Table 13. Accuracy Table
LSTM |
62.12% |
Normal Neural Network |
54.02% |
The experimental results from implementing two distinct neural network architectures show a marked improvement in the accuracy of consumer feedback text scoring.
Our findings highlight the effectiveness of LSTM for emotion detection in small, noisy datasets where, transformer models often overfit. Advanced preprocessing addressed challenges like emojis and informal language, ensuring robust performance. LSTM’s ability to model long-term dependencies and its scalability make it a practical choice for resource-constrained applications, demonstrating its suitability for this task.
The experimental results from implementing two distinct neural network architectures show a marked improvement in the accuracy of consumer feedback text scoring. Analysis of the training and validation loss curves indicates effective minimization of loss across epochs, demonstrating a robust learning process. Importantly, the validation loss reached a plateau after several epochs, suggesting that the models generalized well to unseen data without overfitting.

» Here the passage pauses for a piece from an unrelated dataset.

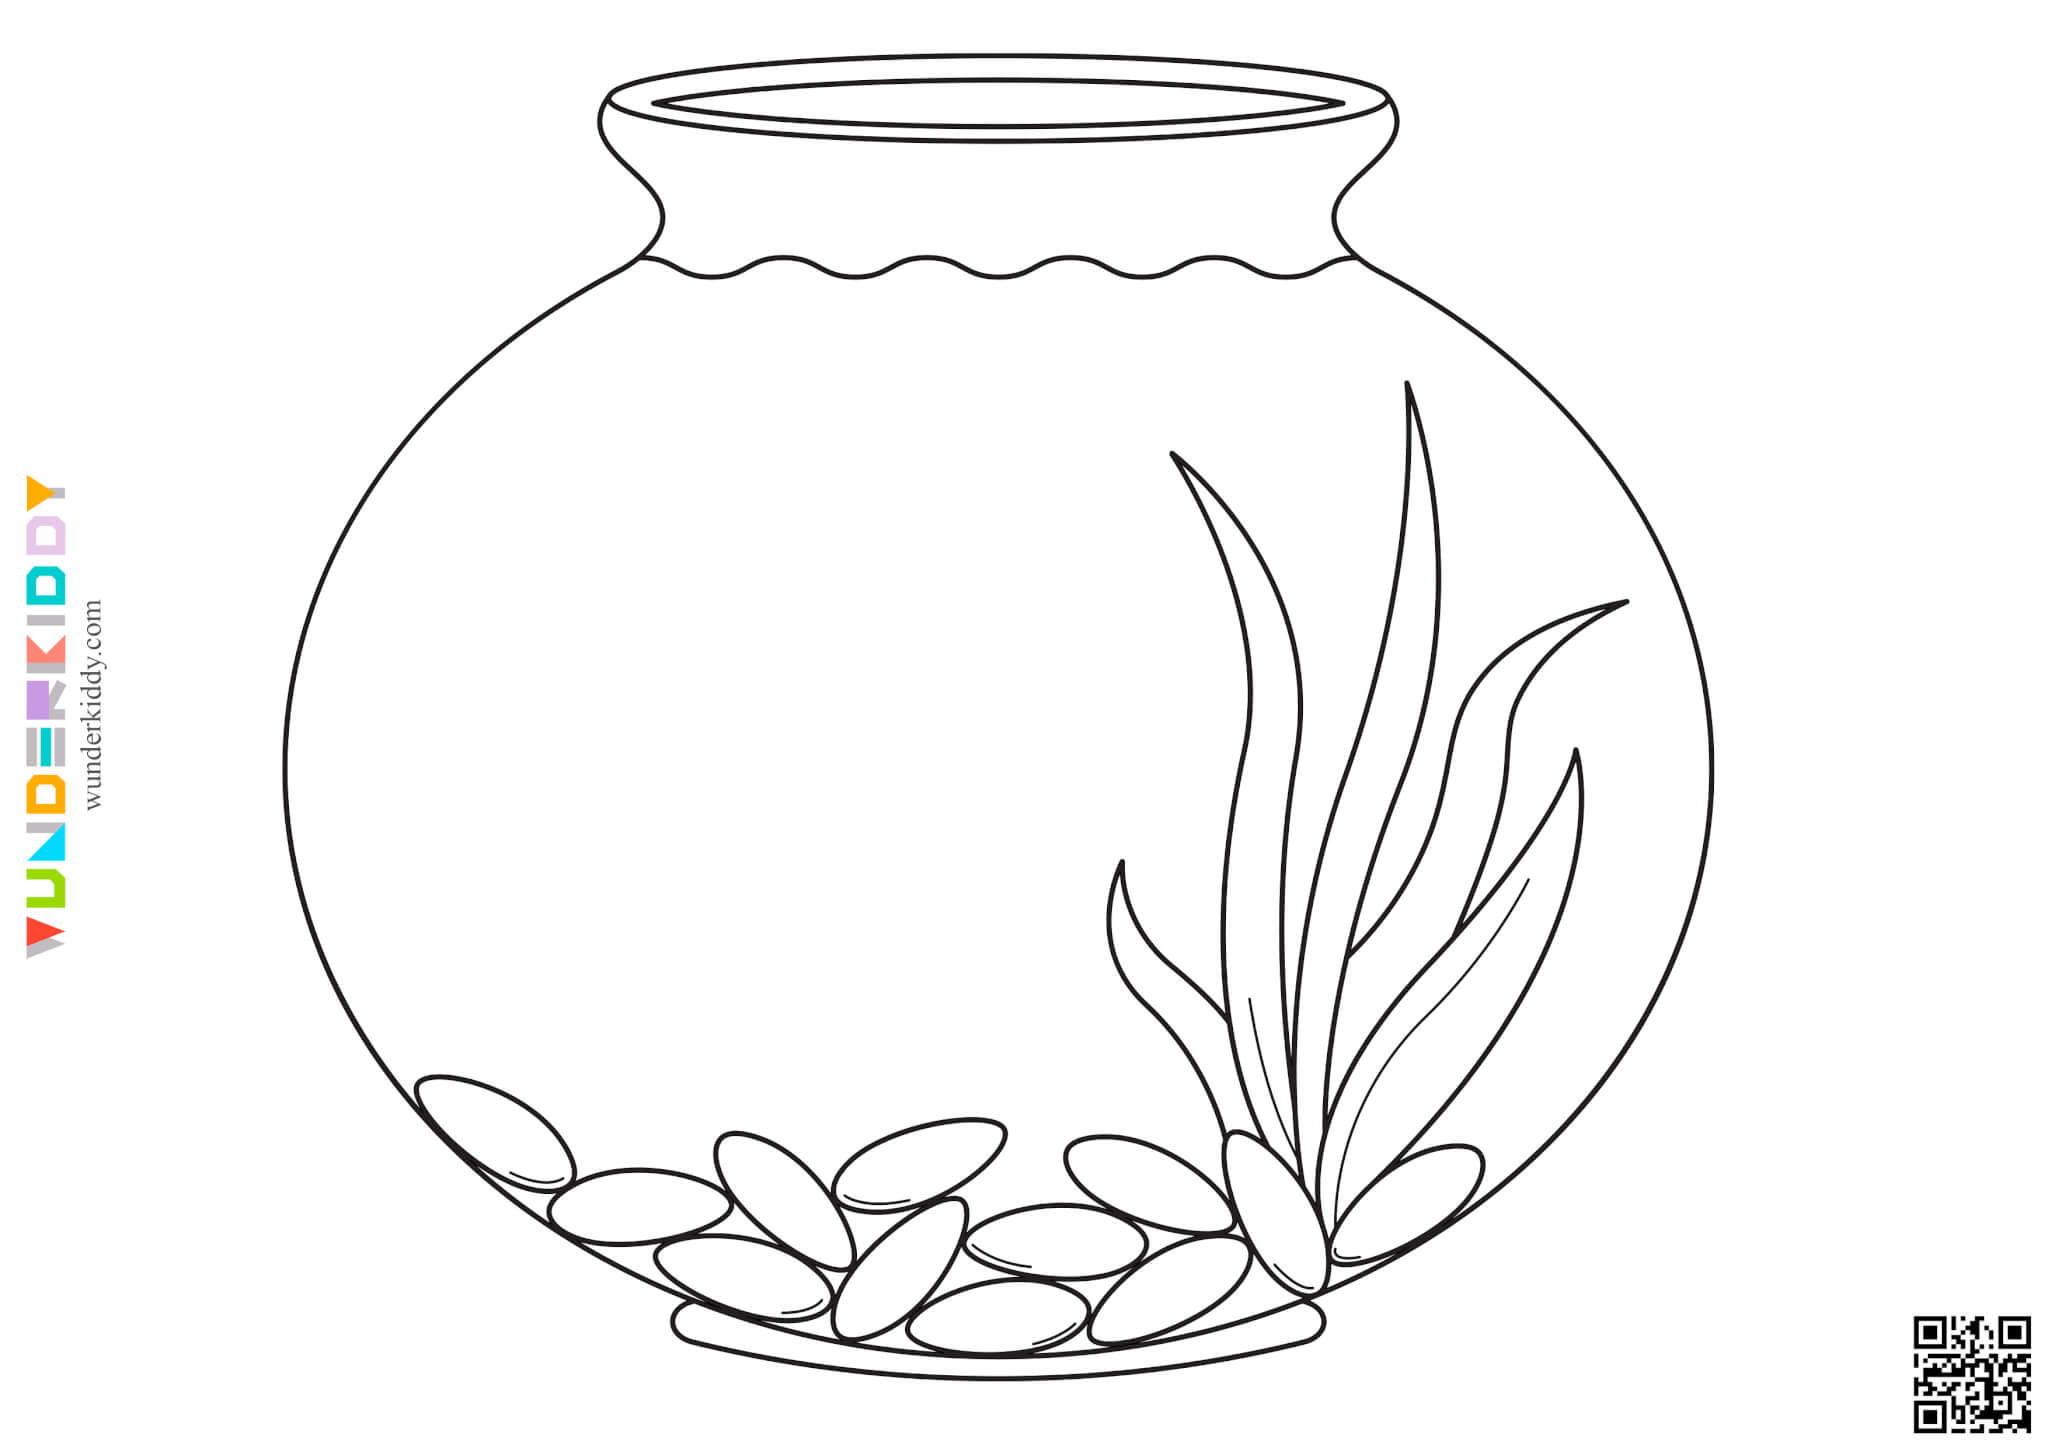 Fish Bowl Template - Image 4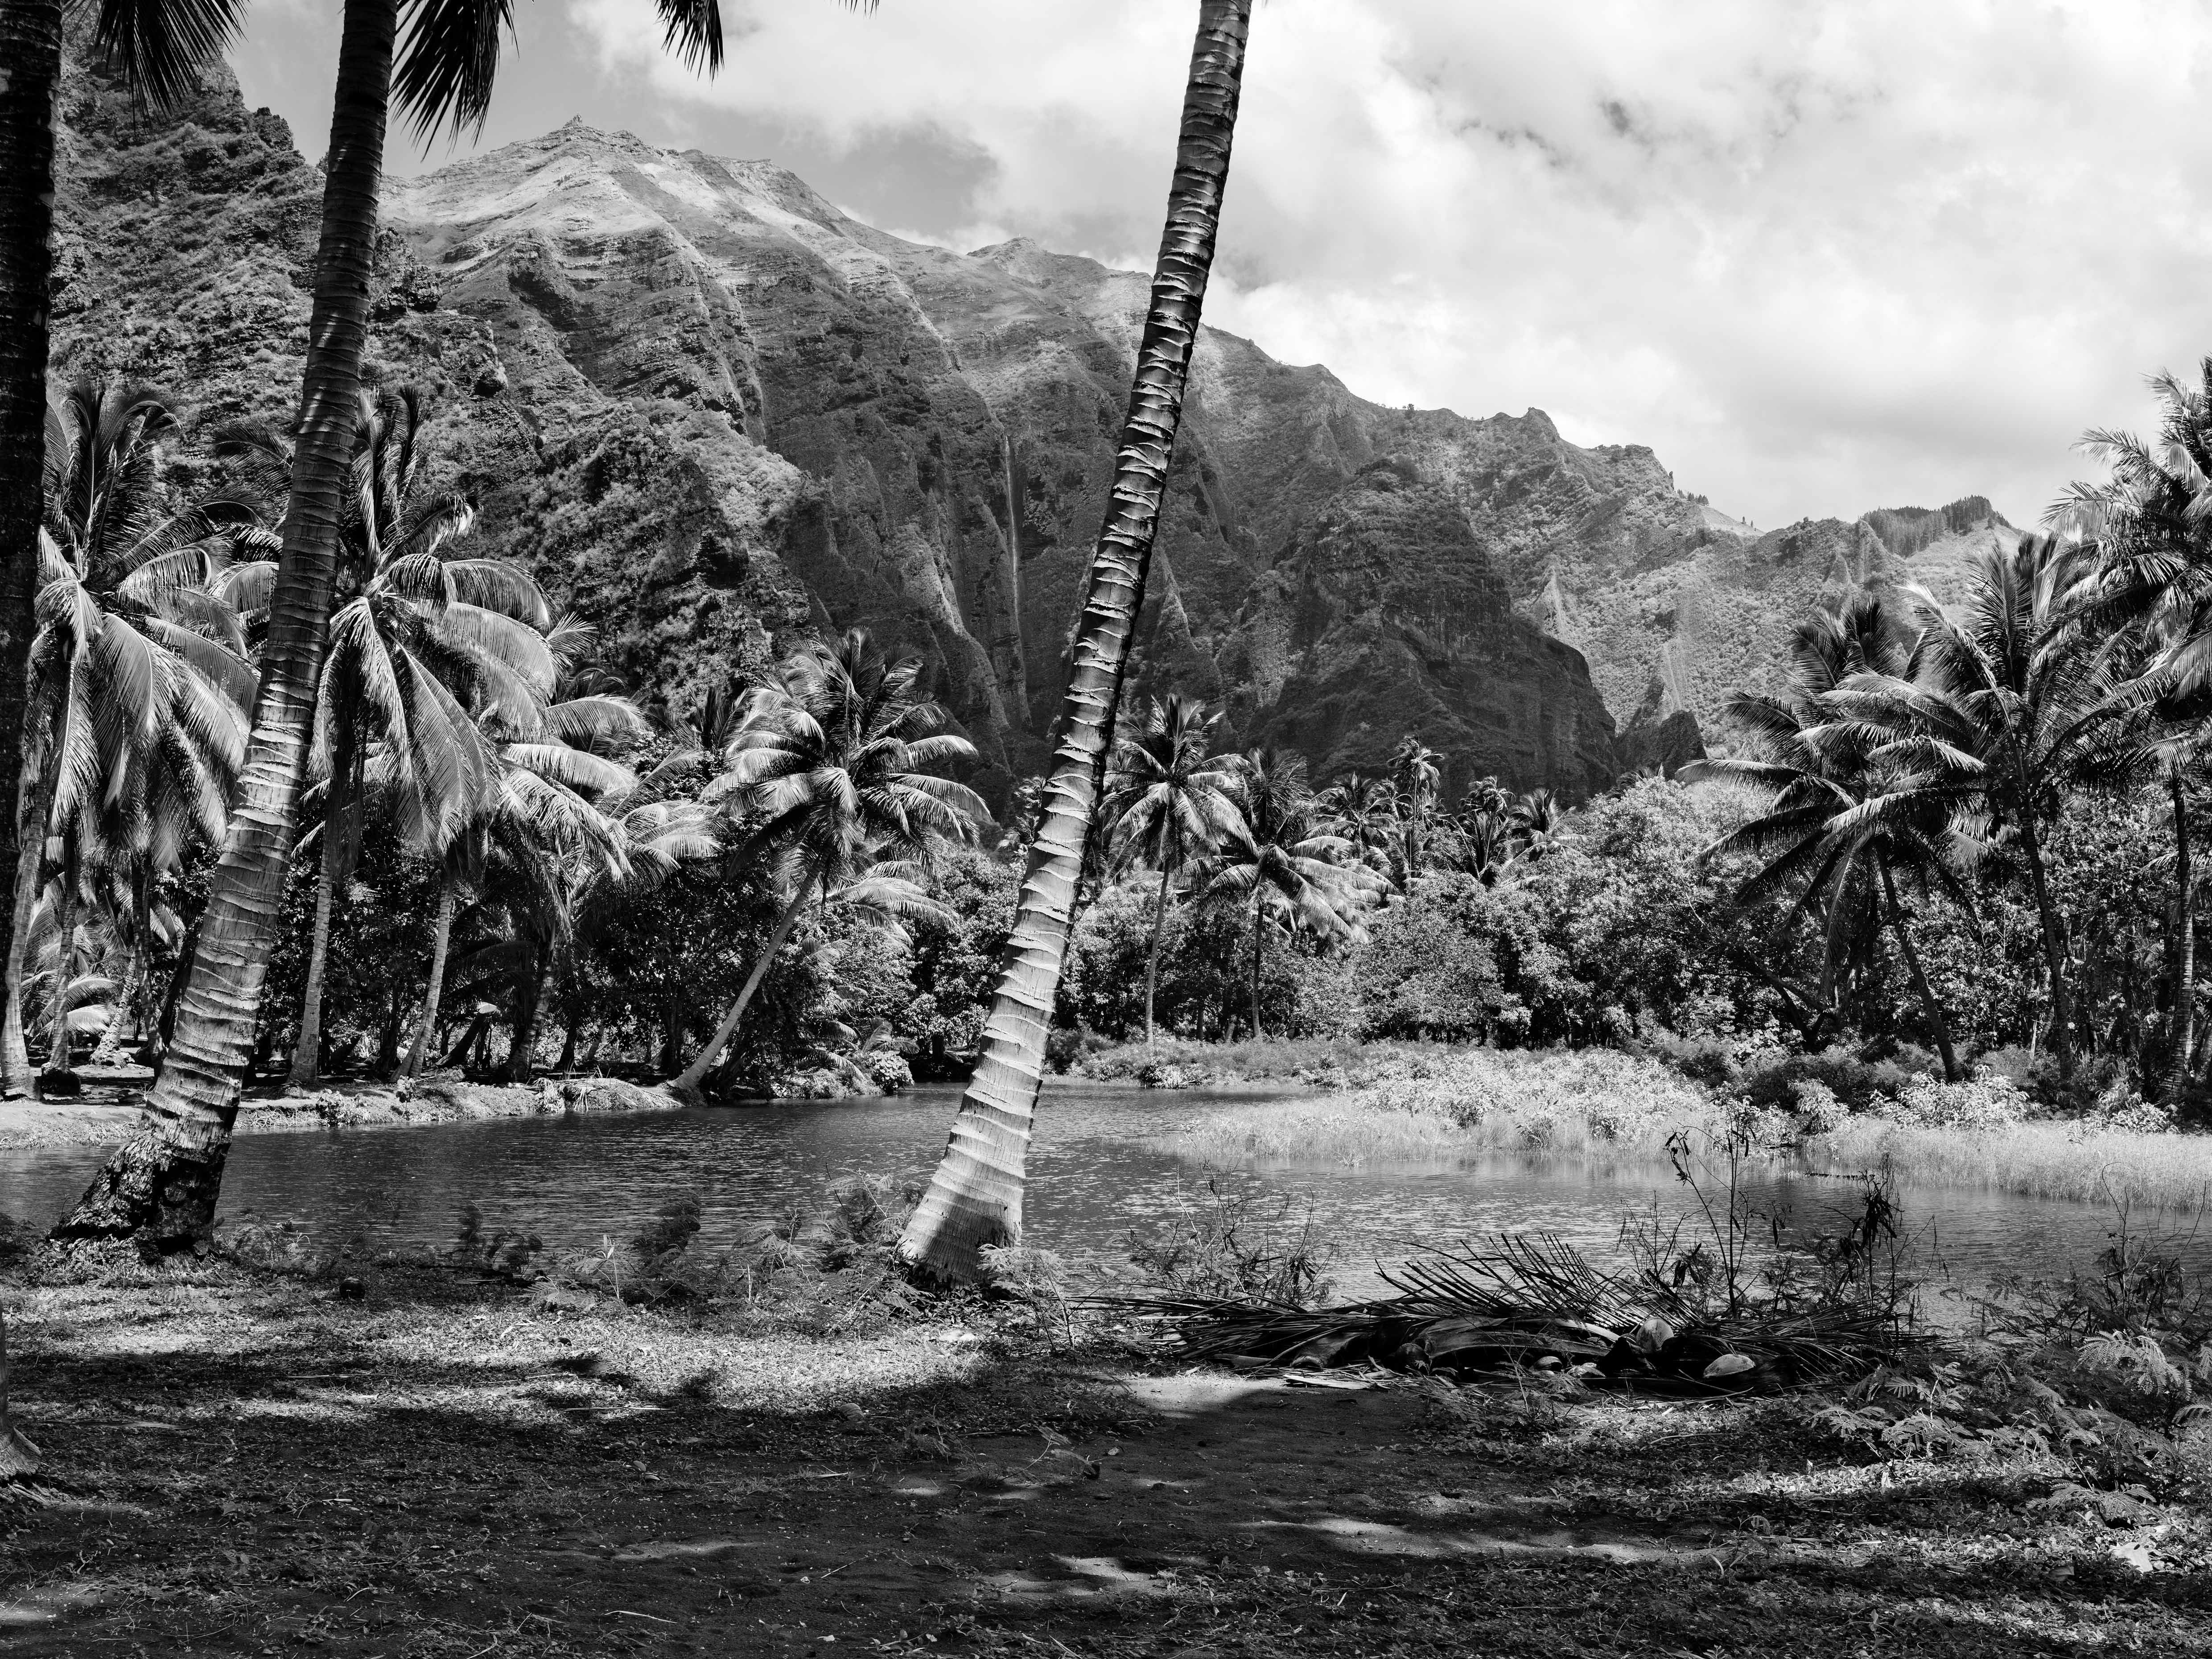  - Nuku Hiva, French Polynesia, 2010

The incorporation of LSTM layers proved crucial in capturing temporal dependencies within the text data, resulting in improved predictions. Specifically, the LSTM model achieved an accuracy of 62 . 12%, surpassing the standard neural network, which obtained an accuracy of 54 . 02%. Moreover, the continuous decrease in Mean Absolute Error (MAE) over the epochs further demonstrates the models’ capability to align predictions closely with actual consumer feedback scores. These findings highlight the potential of advanced neural network architectures, particularly LSTMs. Consequently, the analysis demonstrated that the LSTM neural network produced better results.
5. Conclusion
This study explored the use of two types of neural networks, particularly Long Short-Term Memory (LSTM), for predicting sentiment scores from consumer feedback text. The dataset, comprising over five million entries, demonstrated the effectiveness of LSTM in extracting emotional insights from textual data. However, future work should investigate hybrid models that combine LSTM with advanced architectures such as BERT or GPT to capture more complex emotional nuances and improve sentiment analysis accuracy. Expanding the research to multiple languages would enhance the model’s applicability across regions, while also addressing cultural variations in language use. The study also highlighted challenges in processing features like sarcasm, unclear language, and incomplete sentences, emphasizing the need for techniques that improve contextual understanding and handle such subtleties. Additionally, addressing informal language, including emojis, slang, and non-standard text forms, is critical for enhancing model accuracy. Conducted using Python 3 and Google Colab, the experiment involved optimizing hyperparameters like batch size and epochs, although issues with infinite loops due to iteration settings were noted. Overall, the findings underscore the potential of neural networks, particularly LSTM, in automating sentiment analysis, while suggesting that future research should focus on hybrid models, multilingual datasets, and techniques for handling complex language challenges.